Changing priorities and a growing resale market leaves handbag retailers holding the bag.

When it comes to consumer products and services, sometimes the best way to determine which way the market it headed is to take a look at your own behavior patterns and buying habits. After all, we’re all consumers.

Last week, in our TrendCast on teen spending trends, I noted handbag spending hit a Piper Jaffray survey low. That didn’t really surprise me (though I’m not a teen), since I hadn’t bought a new bag this year—and I would describe myself as a bit of a handbag junkie.

A report from NPD confirms this downward trend extends beyond teens and me. The women’s handbag/totes business is down over 20% in the first eight months of 2019, compared to 2016. NPD says, “This is clearly not a blip—it’s a major shift. The challenge is that it’s not just one thing driving the decline—it’s a convergence of many marketplace dynamics.”

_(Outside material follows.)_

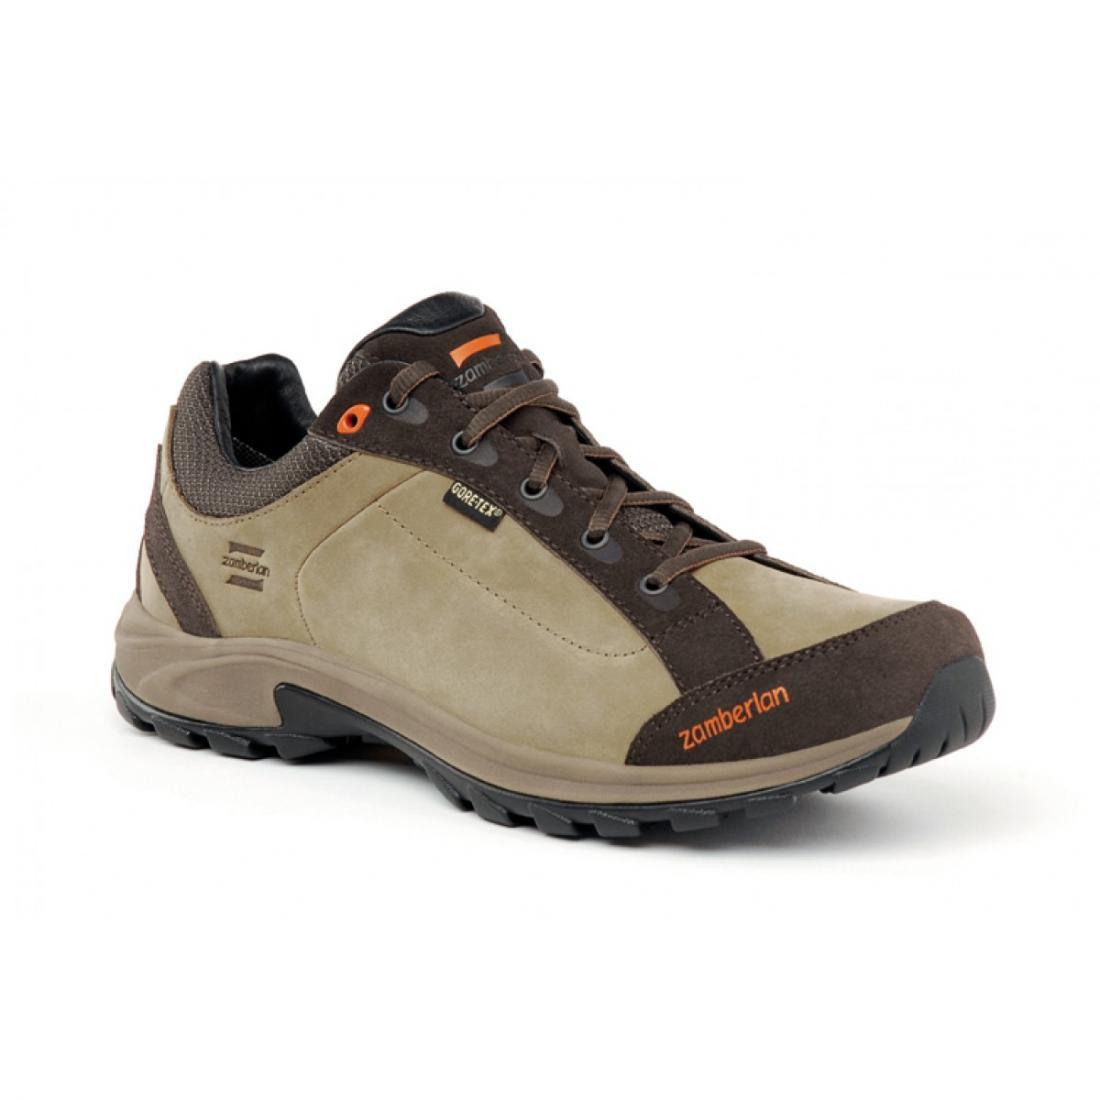 Ботинки 241 VISTA GTXТреккинговые<br><br><br>Цвет: Коричневый<br>Размер: 46

NPD says those dynamics include:

Changing priorities. Consumers are spending more on products offering “convenience at home, media entertainment, and wellness.” Plus, it adds, the new fashion status symbols are active apparel and footwear.

Consumers want “a solution, not just a bag.” NPD says consumers expect “function and versatility” and look at a company’s “engagement in the social and environmental issues that matter to them.”

NPD calls the growth of the resale market “a threat and an opportunity for the handbag market.” It expects “renting will gain traction in handbags during the next few years.”

Going forward NPD says they don’t think the handbag business will “return to its former glory, where a few hot brands/items were enough to drive the market as a whole.”

This is all further complicated by the millennials, who in another NPD survey said, “shopping for handbags is ‘closer to buying a car than to buying clothing’”  and by concern about tariffs. In its Navigating Pricing in a Post-Tariff World study, NPD said handbags were a “high-impact” category, at risk for additional sales declines, since consumers consider handbags “nice-to-have” but not a “must-have”.

The good news for entrepreneurs is NPD says the industry “bright spots” will “likely come from smaller players” who are tuned in to consumers’ priorities. And that if you want to make it in this business, you need to “become far more consumer centric.”